En 2013, lors de la cérémonie du Cercle des critiques de cinéma de New York (via NBC News), Steven Spielberg est monté sur scène pour remettre à Daniel Day-Lewis le prix du meilleur acteur. Ce moment était loin d’être anodin : il scellait une collaboration longue et exigeante autour du film Lincoln, qui allait devenir l’un des sommets de la carrière des deux artistes.
Le réalisateur oscarisé avait consacré près de dix ans à explorer la vie du 16e président des États-Unis. Durant cette période, il a multiplié les versions de scénario et les collaborations, cherchant avec acharnement à capturer l’essence d’Abraham Lincoln. Cette quête inlassable a finalement abouti à un succès critique et public retentissant. Mais l’histoire aurait pu prendre une toute autre tournure.
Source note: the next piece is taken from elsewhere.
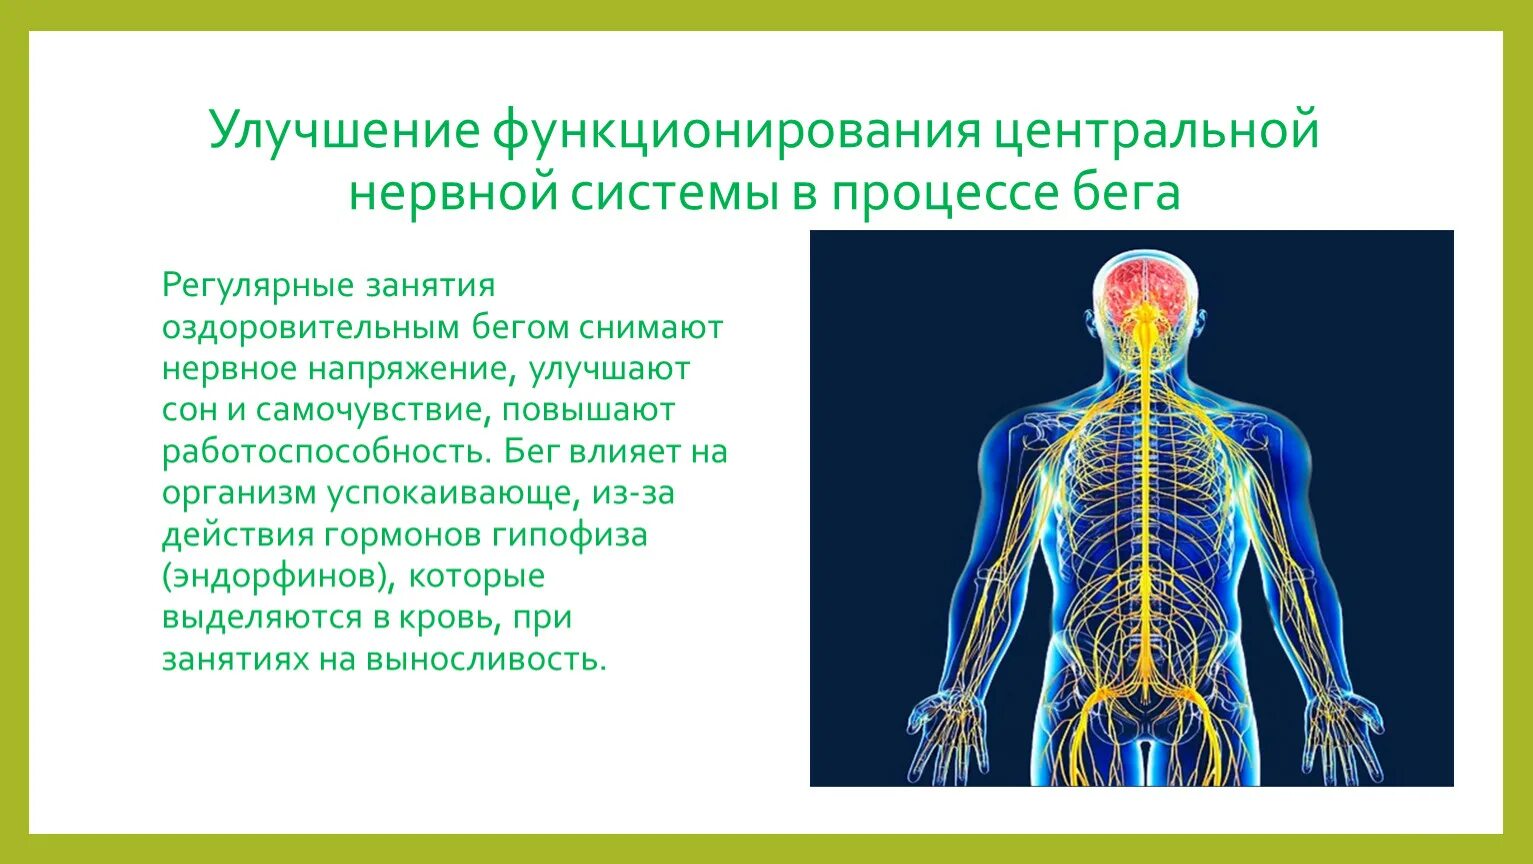 Что является центром нервной системы. Строение нервной системы человека. Функционирование центральной нервной системы. Основные функции центральной нервной системы человека. Особенности функционирования нервной системы.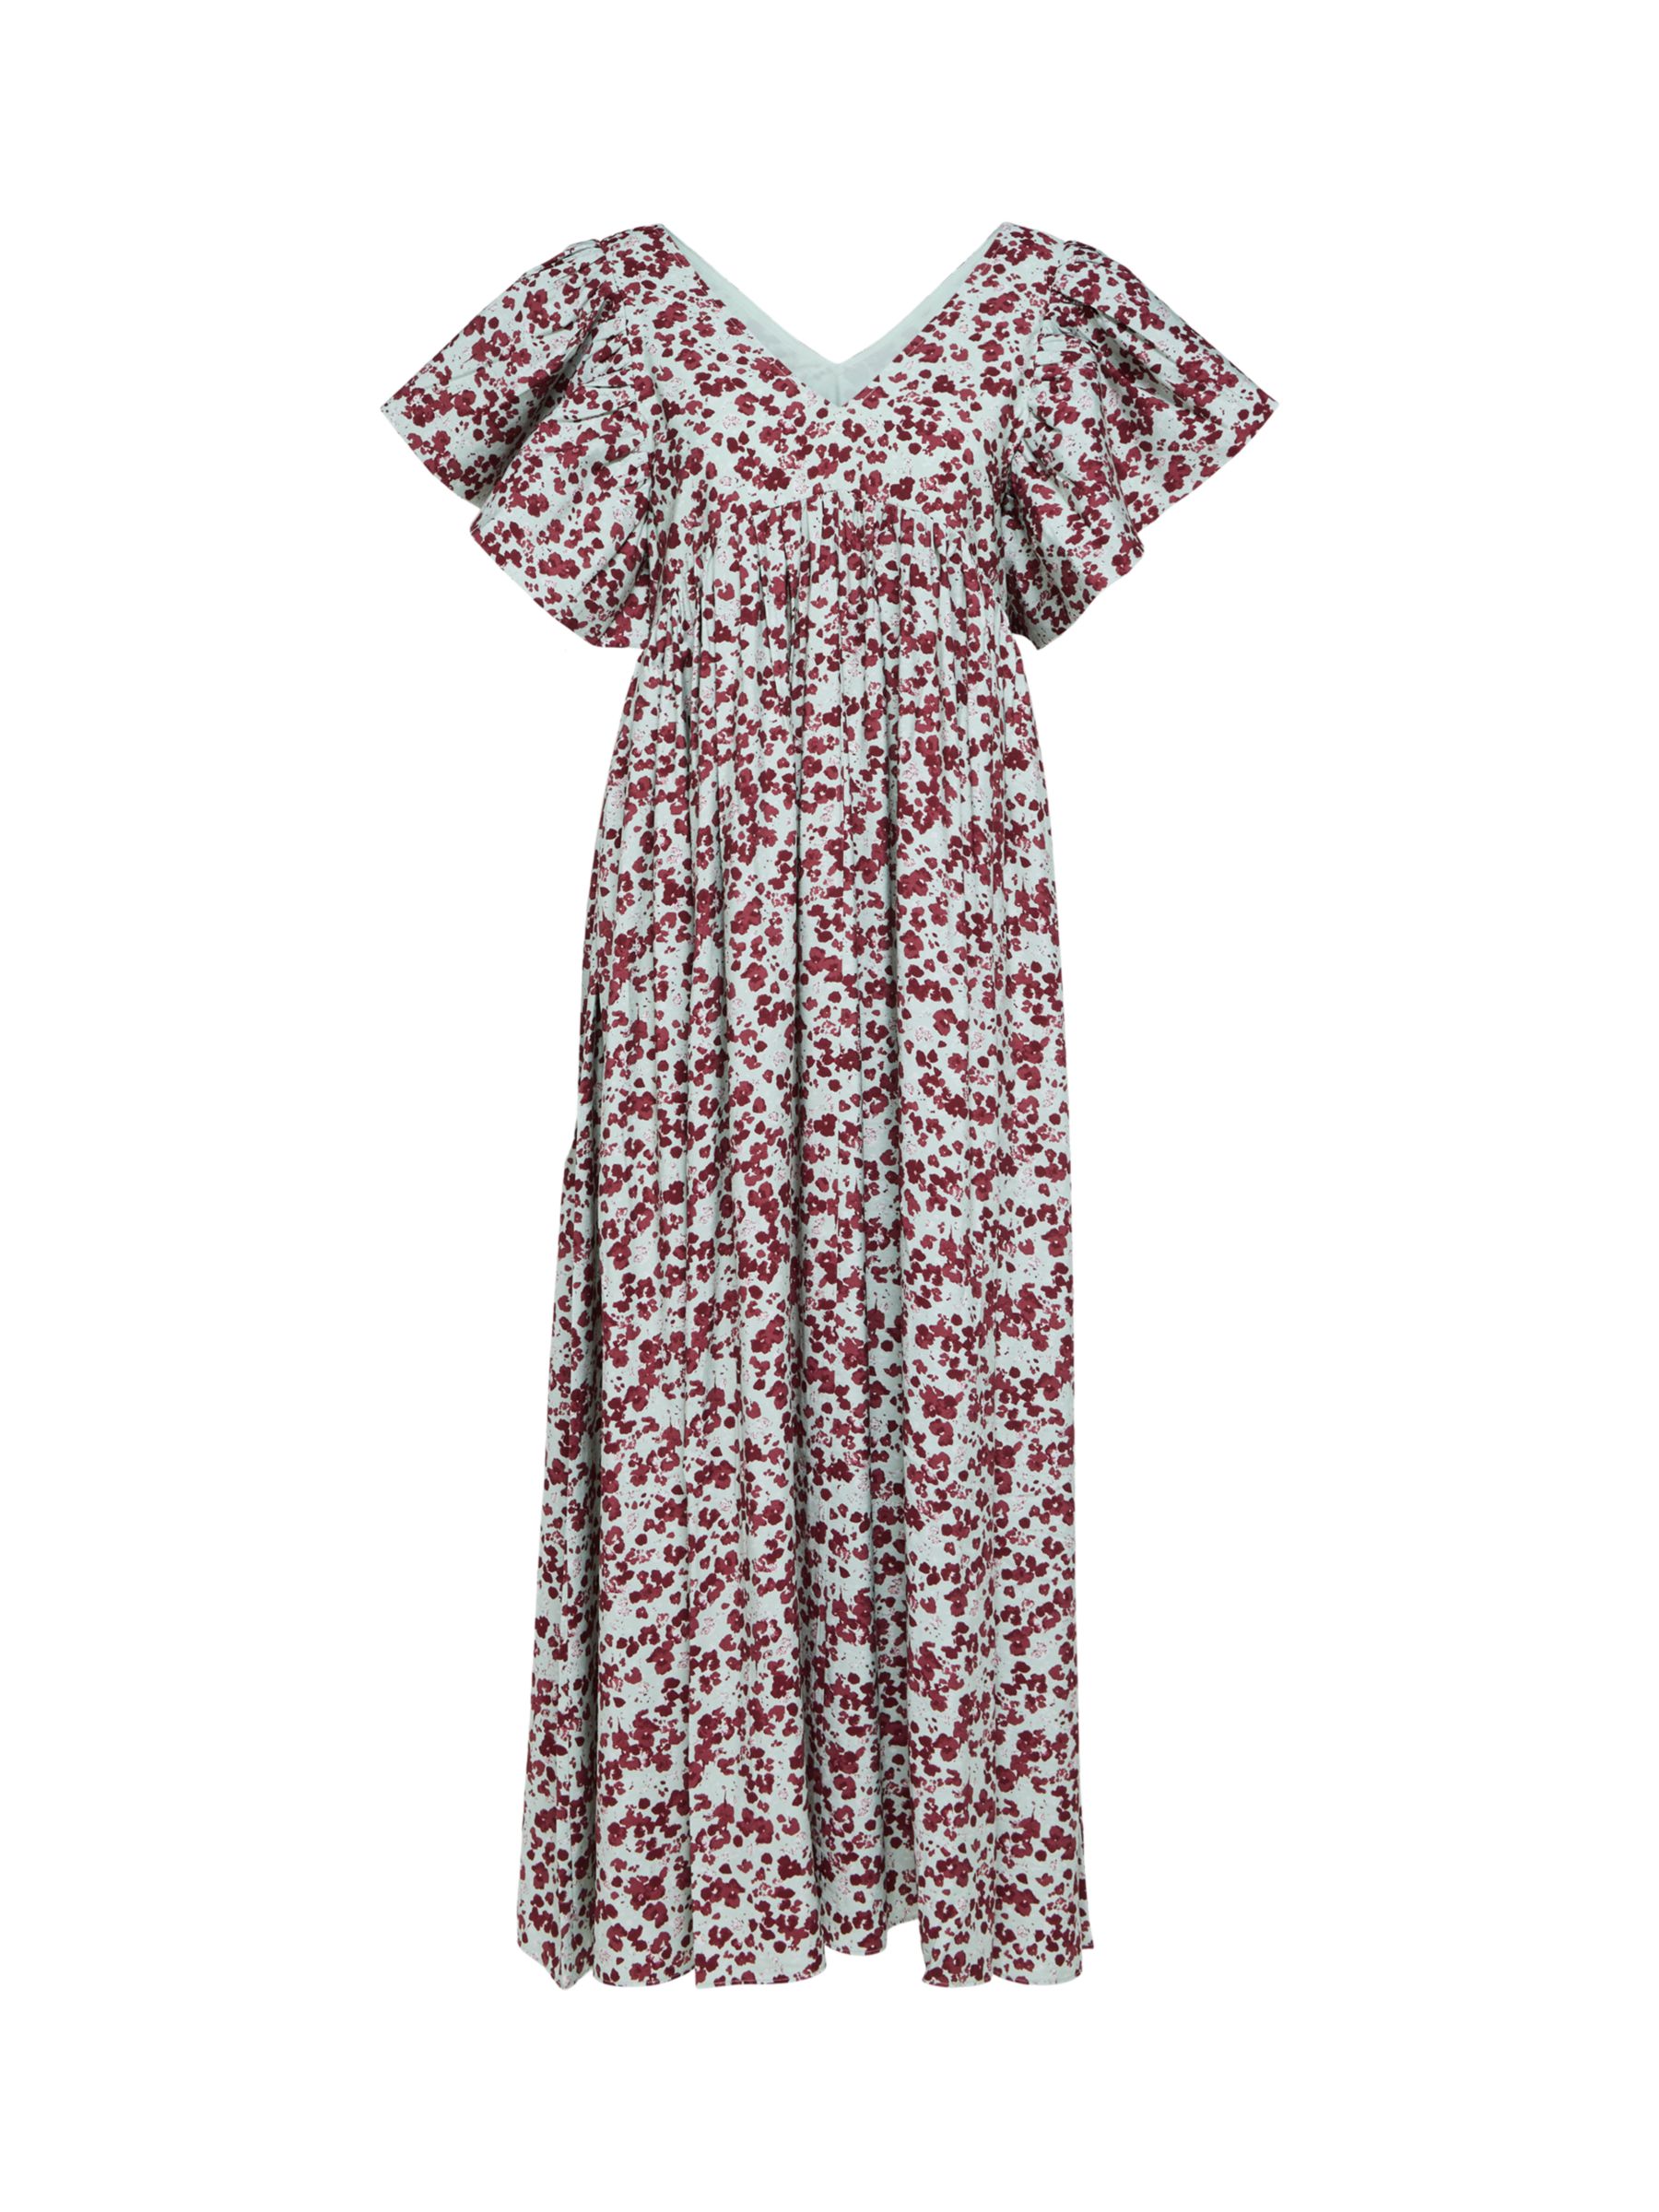 SELECTED FEMME Aqua Foam Floral Maxi Dress, Multi, 38

À cette époque, Steven Spielberg a lu publiquement pour la première fois la lettre que Daniel Day-Lewis, déjà doublement oscarisé et futur triple lauréat, lui avait adressée pour décliner la première version du projet. Ce scénario initial présentait Lincoln comme un chef de guerre intrépide dans une fresque épique. La lettre de l’acteur révèle sa sensibilité et sa manière unique de choisir ses rôles.
“Cher Steven,
Ce fut un réel plaisir de m’entretenir avec vous. J’ai écouté très attentivement ce que vous aviez à dire sur cette histoire fascinante, et depuis, j’ai lu le scénario et je l’ai trouvé, dans la précision avec laquelle il décrit ces événements marquants et dans les portraits empreints de compassion de tous les personnages principaux, à la fois puissant et émouvant. Je ne saurais expliquer pourquoi, à un moment donné, je ressens le besoin d’explorer une vie plutôt qu’une autre, mais je sais que je ne peux accomplir ce travail que si j’ai l’impression de n’avoir d’autre choix ; qu’un sujet coïncide inexplicablement avec un besoin très personnel et un moment très précis. Dans ce cas précis, aussi fasciné que j’aie été par Abe, c’était la fascination d’un spectateur reconnaissant, aspirant à voir une histoire racontée, plutôt que celle d’un participant. C’est ce que je ressens encore aujourd’hui, malgré moi, et même si je ne peux être certain que cela ne changera pas, je ne saurais vous encourager à envisager cette possibilité pour la première fois. J’espère que c’est clair, Steven. Je suis ravi que vous réalisiez ce film, je vous souhaite beaucoup de courage et je vous adresse mes meilleurs vœux ainsi que ma sincère gratitude pour avoir pensé à moi.”
Face à ce refus, Steven Spielberg n’a pas abandonné. Il raconte avoir tenté une seconde approche avec un scénario entièrement réécrit, pour recevoir une réponse similaire. Finalement, il s’est tourné vers Tony Kushner, son collaborateur sur Munich, pour créer une version entièrement nouvelle du script. De 500 pages initiales, le scénario a été réduit à l’essentiel, permettant de saisir l’âme du président dans les moindres détails.
Le résultat, Lincoln, est une œuvre profondément différente de la version épique initialement imaginée. Plutôt qu’un film de guerre, il s’agit d’une étude de personnage intimiste et politique, centrée sur la lutte acharnée de Lincoln pour faire adopter le 13e amendement et abolir l’esclavage. Le scénario de Kushner (ou du moins la partie utilisée dans le film) a également été salué par le Cercle des critiques de cinéma de New York, récompensant l’approche humaine et nuancée choisie par Spielberg et son équipe. En plus d’avoir reçu un nombre record de 12 nominations aux Oscars, le film a remporté deux statuettes : celle du Meilleur acteur pour Daniel Day-Lewis et celle des Meilleurs décors.
Ce parcours met en lumière l’exigence artistique de Daniel Day-Lewis, le perfectionnisme de Spielberg et l’alchimie rare qui naît lorsque deux grands talents se rejoignent sur une vision commune. Plus qu’un film historique, Lincoln est le fruit d’une décennie de dialogues, de refus et de réécritures, pour atteindre l’authenticité et la profondeur qui font encore aujourd’hui sa force.